It's written in The Silmarillion:

"Then the themes of Ilúvatar shall be played aright, and take Being in the moment of their utterance, for all shall then understand fully his intent in their part, and each shall know the comprehension of each, and Ilúvatar shall give to their thoughts the secret fire, being well pleased."

Why is "secret fire" written here using only small or lower case letters? After all, in other passages the term is written "Secret Fire" or "Flame Imperishable", always with upper case letters... These last manners look more suitable, given that this entity appears to be divine in some way (something like the Holy Spirit, perhaps).

  • 1
    As far as I can tell, it's referred to in capitals when they're referring to the fire as a singular. In the case you've highlighted (and several others), it's more that it's being referred to as some secret fire, not The secret fire.
    – Valorum
    Commented Jan 28, 2015 at 20:43
  • As far as I can tell, the term secret fire only appears three times in the Silmarillion. Once it's capitalised, twice it isn't.
    – Valorum
    Commented Jan 28, 2015 at 20:44
  • I am not sure if this is a grammatical error by the publisher or something that is actually answerable.
    – Tritium21
    Commented Jan 28, 2015 at 20:44
  • 3
    @Tritium21 - I'm not saying that you don't get the occasional publishing error but the fact that this capitalisation is constant in three different versions of the text (two published, one ebook) suggests that it was intentional.
    – Valorum
    Commented Jan 28, 2015 at 20:50
  • 1
    @Richard Fair enough.
    – Tritium21
    Commented Jan 28, 2015 at 20:51

1 Answer 1


There are three mentions of "secret fire" in the Silmarillion.

  1. ...and Ilúvatar shall give to their thoughts the secret fire, being well pleased.
  2. ...and the Secret Fire was sent to burn at the heart of the World...
  3. ...and Fëanor grew swiftly, as if a secret fire were kindled within him.

Of these the first two are evidently referring to the same thing as the Flame Imperishable, whereas the third is just a generic reference to "a fire that is secret", and so may be discounted.

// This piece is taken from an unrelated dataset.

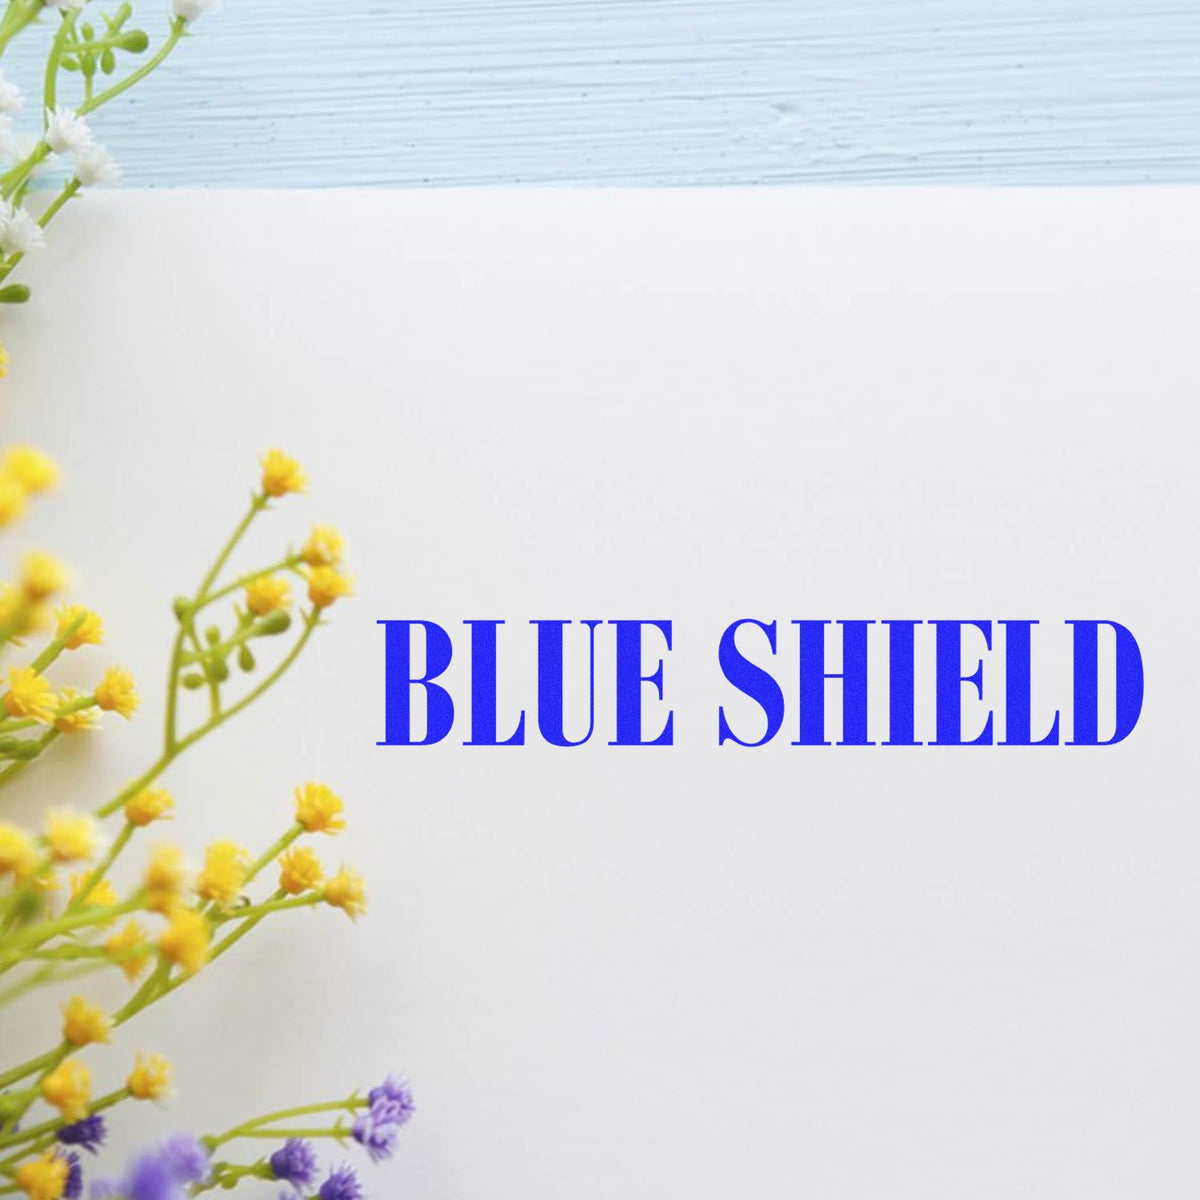 Blue Shield Rubber Stamp In Use Photo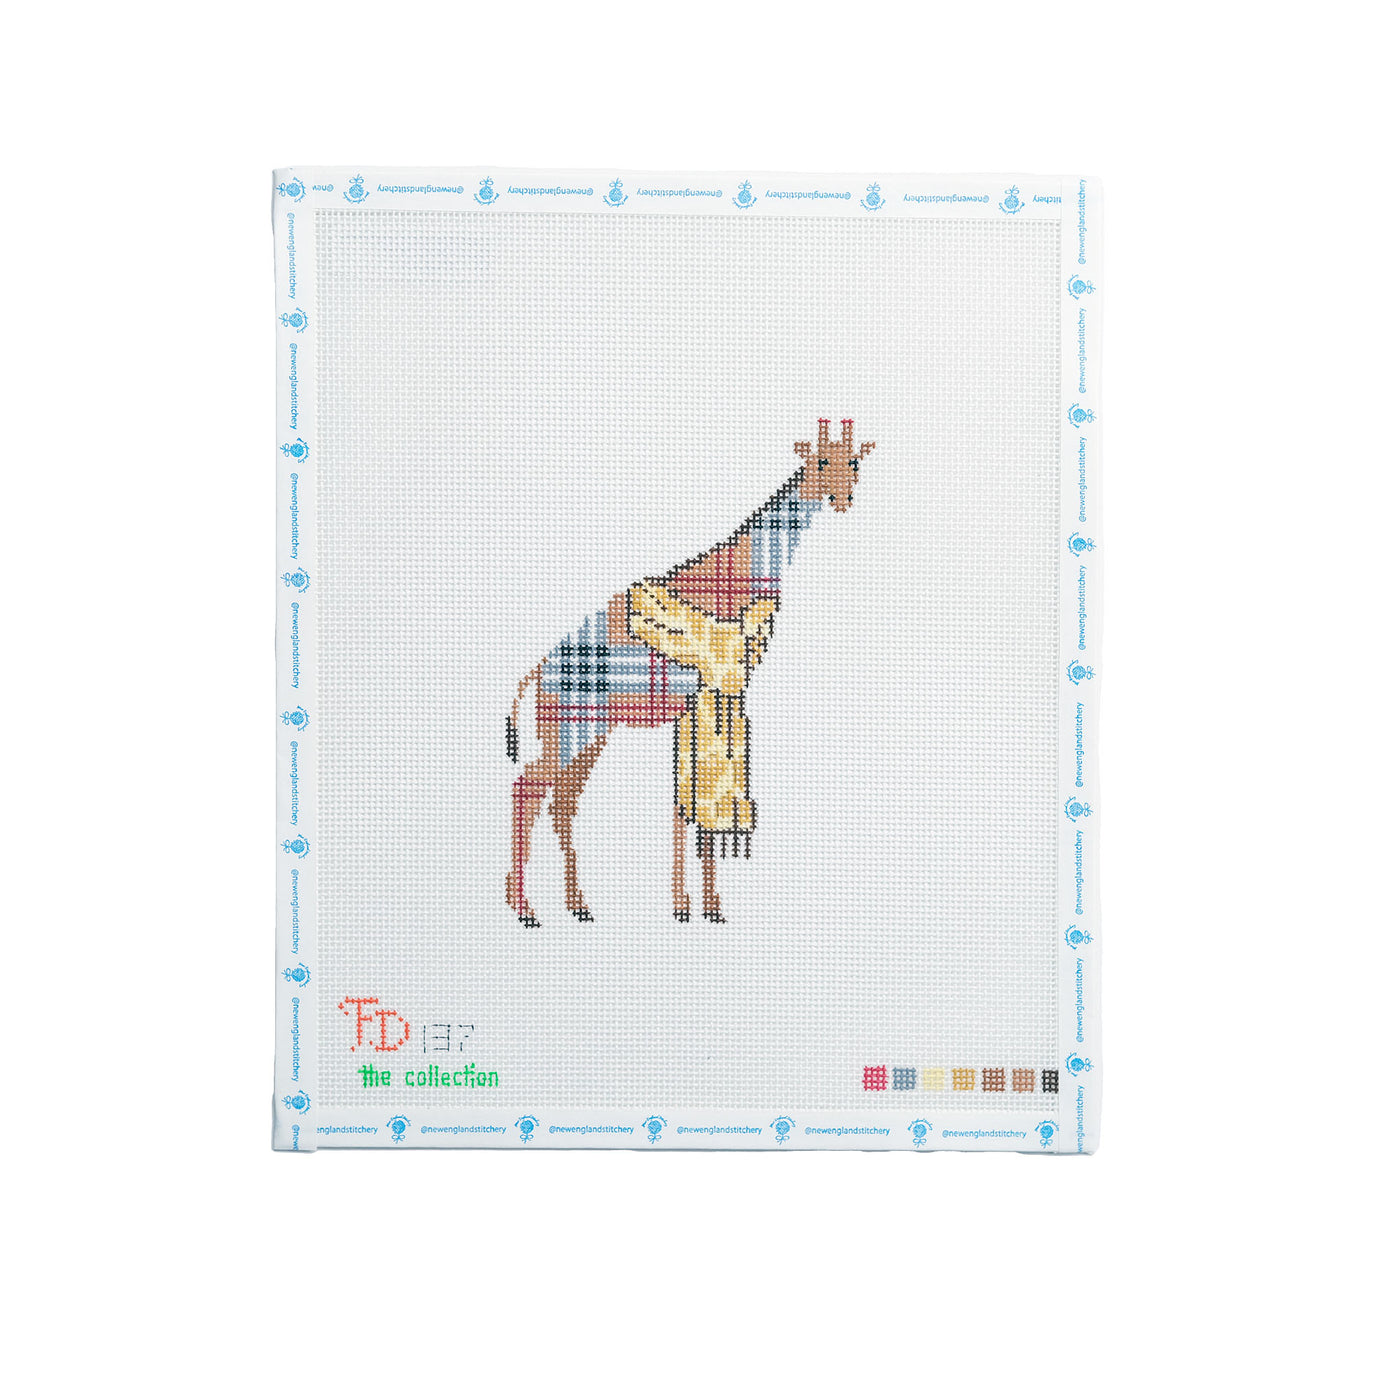 Plaid Giraffe in Spotted Scarf

If we cross-reference these with the source texts given in History of Middle-earth 10 and 5, we find the following:

  1. This is also "secret fire" in History of Middle-earth 10 but is "secret Fire" in History of Middle-earth 5.
  2. This is also "Secret Fire" in History of Middle-earth 10 but is likewise "secret Fire" in History of Middle-earth 5.

So we can see that the capitalization was consistent in the original texts from the 1930s, but was changed in the 1950s revsions, with the first going to all lowercase but the second going to all title-case.

Christopher Tolkien does not account for this change and this difference in his commentary.

The other notable mention of "secret fire" is, of course:

I am a servant of the Secret Fire, wielder of the flame of Anor. You cannot pass.

And again we see that its title-case too.

In the end we have no explanation for this change. We can say for certain that it's not a publishing error as it's consistent with the latest source texts from History of Middle-earth 10, and it seems highly unlikely to be a simple authorial error as Christopher Tolkien maintained it from the source texts to the published Silmarillion.

Ultimately we just don't know.

  • I understand that this answer is probably unsatisfactory, and may not be what you were looking for, but it's really the best you're going to get given the available evidence.